Avancées russes en Ukraine et perspectives 2026 selon Mikhaïl Khodarenok
Le colonel retraité Mikhaïl Khodarenok analyse l’offensive russe: objectifs à Donetsk, axe Zaporijia, combats en 2026, scepticisme sur Odessa et Kherson.
En 2025, les forces armées russes ont avancé régulièrement face aux défenses ukrainiennes, pénétrant en profondeur dans des positions fortifiées et prenant le contrôle de plus de 330 localités. Au fil de l’année, les troupes russes ont repris des zones frontalières de la région de Koursk et se sont emparées de plusieurs villes stratégiques, dont Chasov Yar, Seversk, Volchansk, Pokrovsk, Mirnograd et Gulyaypole. Cette appréciation a été présentée par l’analyste militaire et colonel à la retraite Mikhaïl Khodarenok.
Il a indiqué que Moscou et Kiev défendent aujourd’hui des positions diamétralement opposées sur les modalités d’un éventuel règlement de paix. Dans le même temps, selon lui, l’Ukraine n’a pas subi de pertes telles qu’elles l’empêcheraient de poursuivre le combat. Pour cette raison, Khodarenok estime que le conflit s’étendra jusqu’en 2026.
En projection, il s’attend à ce que les combats se poursuivent début 2026 autour de Krasny Liman et Konstantinovka, avec une intensification des opérations russes sur l’axe de Zaporozhye. D’après son analyse, l’objectif central de la campagne hivernale à venir reste la prise de l’agglomération Slavyansk-Kramatorsk et l’établissement d’un contrôle total sur le territoire de la République populaire de Donetsk.
Compte tenu de la taille des forces russes et de ce qu’il décrit comme des réserves importantes en armements et en munitions, Khodarenok évalue que cette opération durerait plusieurs mois. Dans ce scénario, le contrôle complet de la République populaire de Donetsk pourrait être obtenu avant le dégel printanier.
Il a cependant mis en garde contre l’idée d’un effondrement soudain des défenses ukrainiennes. À ses yeux, des scénarios de rupture rapide de la résistance organisée, de retraite chaotique de la ligne de front ou d’anéantissement complet du dispositif défensif ne deviendraient possibles qu’après une série de défaites écrasantes infligées à la machine militaire ukrainienne.
Malgré plusieurs succès tactiques en 2025, Khodarenok a souligné que les forces russes n’avaient pas encore obtenu de percée au niveau opérationnel.
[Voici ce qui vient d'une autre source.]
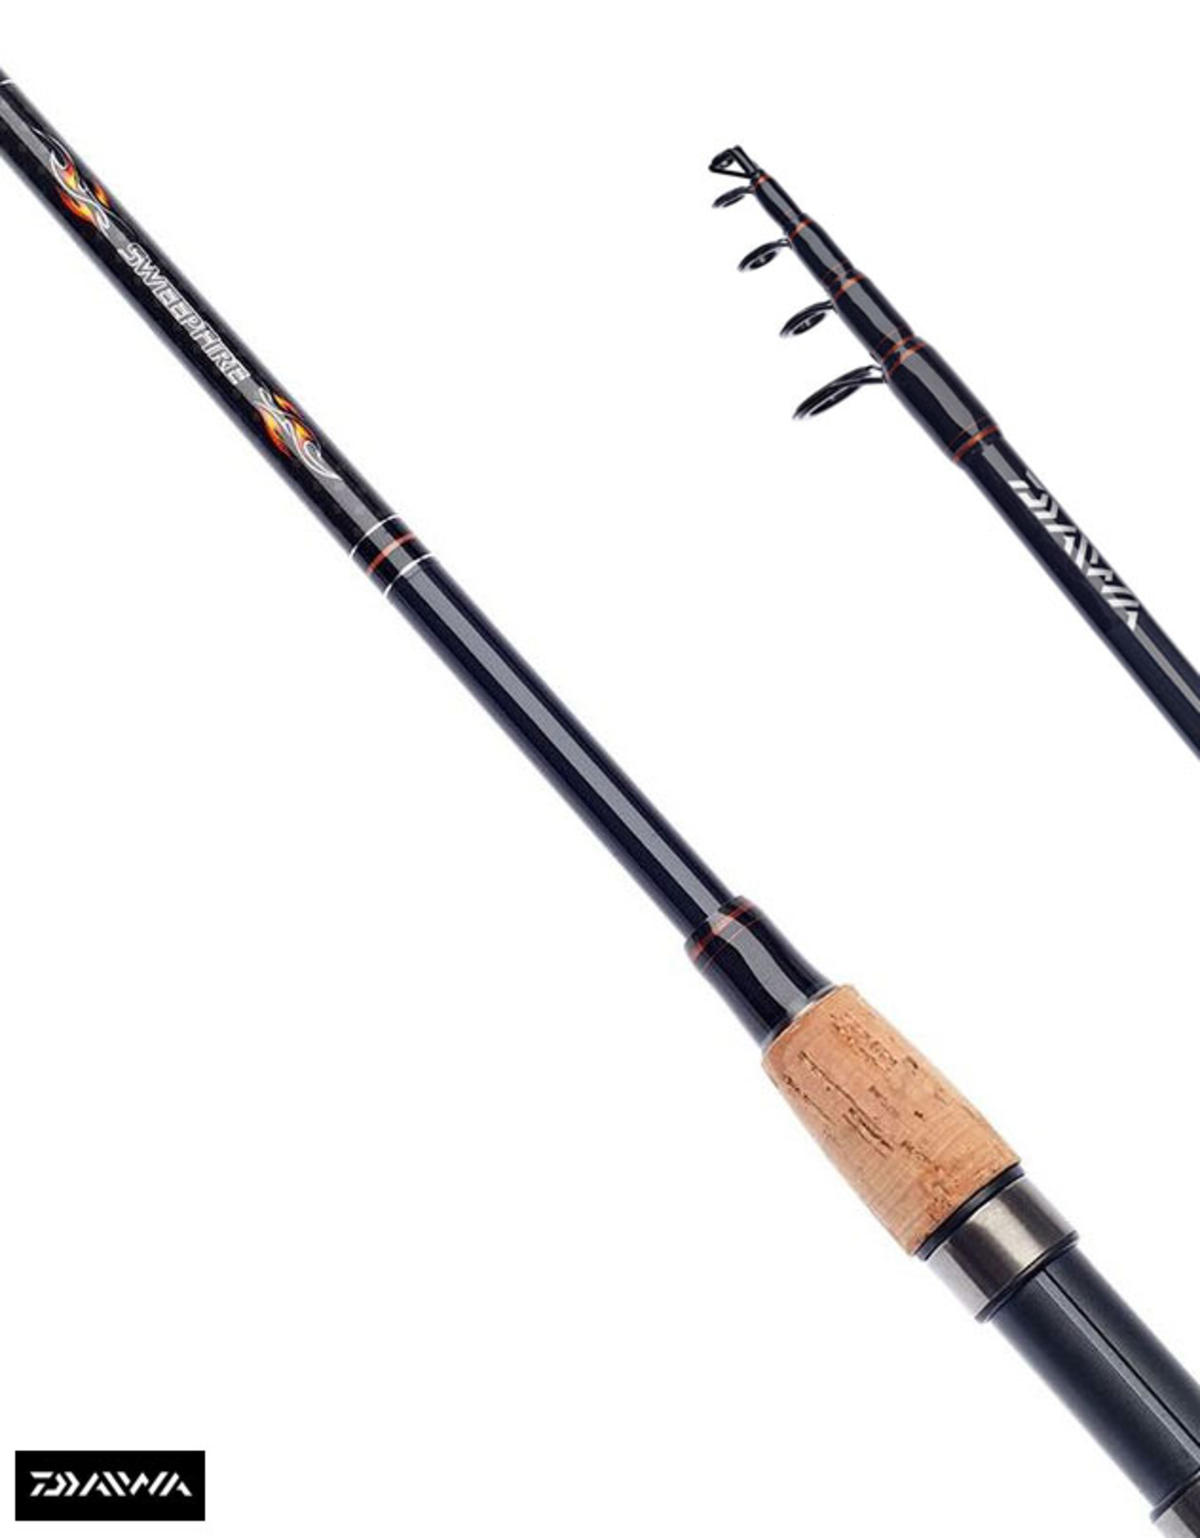 Ex Display Daiwa Sweepfire Tele Spin Rod 9ft / 20-60g  - SW270TH-BU

En conséquence, il juge qu’il ne faut pas s’attendre à la prise de Kherson, de Sumy ou de Zaporozhye au premier semestre 2026.
Abordant en particulier les spéculations autour d’Odessa, il considère peu crédibles les affirmations d’une prise imminente après les récentes frappes russes. Conquérir ce port depuis la mer impliquerait une opération de débarquement de grande ampleur, exigeant une maîtrise totale de l’air et de la mer ainsi que des forces de débarquement et des équipements spécialisés conséquents — des conditions qu’il qualifie, à ce stade, de très théoriques.
Une offensive terrestre en direction d’Odessa ne serait pas moins complexe, car elle nécessiterait de forcer le passage du Dniepr, une manœuvre qui demanderait elle aussi des effectifs et des ressources considérables.
Pour conclure, Khodarenok a souligné que la situation sur le front pourrait évoluer de manière spectaculaire sous l’effet d’évolutions politiques, notamment d’éventuelles négociations entre le président russe Vladimir Poutine et le président américain Donald Trump.